The ELENOR-Corp ransomware group has recently targeted the healthcare sector with a new variant of Mimic ransomware. This version, identified as Mimic 7.5, was discovered during an investigation at a healthcare facility. The group is believed to have gained initial access using Clipper malware, a clipboard hijacker designed for credential theft. This malware likely allowed the attackers to re-enter the network and launch the ransomware attack, which also involved a cryptocurrency miner.
Once inside the environment, the attackers moved laterally across multiple servers by exploiting Remote Desktop Protocol (RDP).
Tools such as Process Hacker and IOBit Unlocker were used to compromise additional systems. The group deployed local accounts on the servers and attempted to propagate their access using a local administrator account. Other tools such as Mimikatz and NetScan were utilized for credential harvesting and network discovery, further facilitating their attack.

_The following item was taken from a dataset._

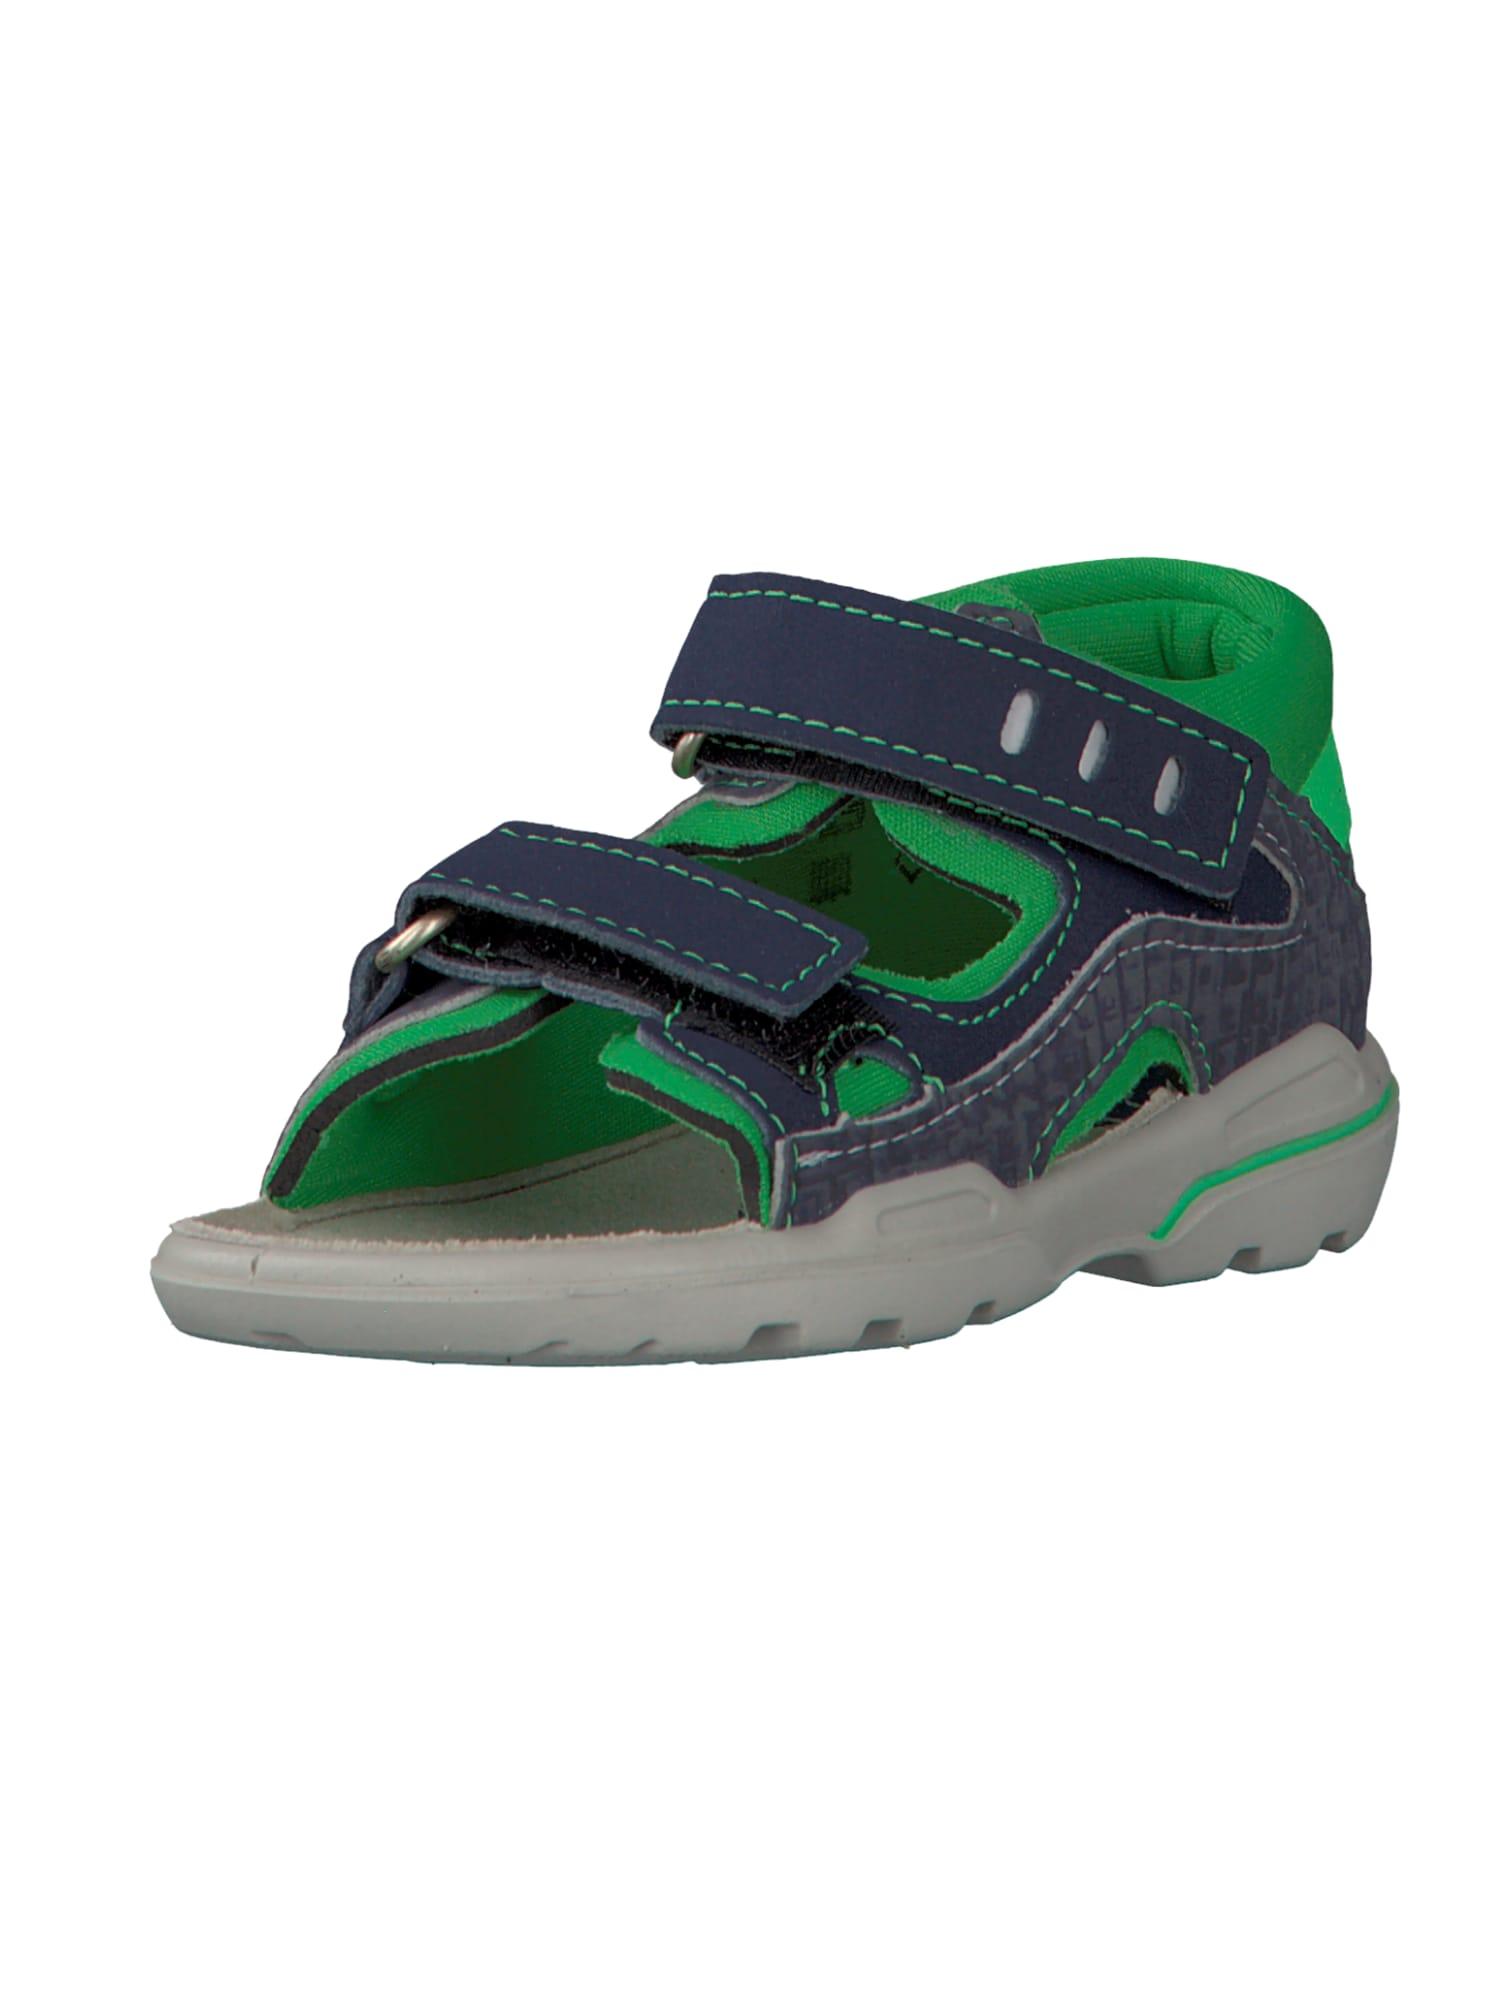 Otevřená obuv ESPI námořnická modř zelená Pepino

Mimic 7.5 features several advanced capabilities, such as bypassing system restrictions to maintain command-line access. It uses techniques like sticky keys for remote execution and forcibly unmounts virtual drives to hinder data recovery. Additionally, the ransomware encrypts network shares, destroys recovery backups, and displays a ransom note upon successful encryption.
Persistence is maintained by modifying registry keys and launching Notepad on each system reboot to show the ransom demand.
To defend against such attacks, Morphisec recommends securing RDP access with multi-factor authentication, monitoring for forensic tampering, and ensuring regular and secure offline backups. The cybersecurity firm also provided Indicators of Compromise (IoCs) to assist defenders in identifying and responding to similar threats. These measures are crucial for mitigating the risks posed by advanced ransomware campaigns like ELENOR-Corp.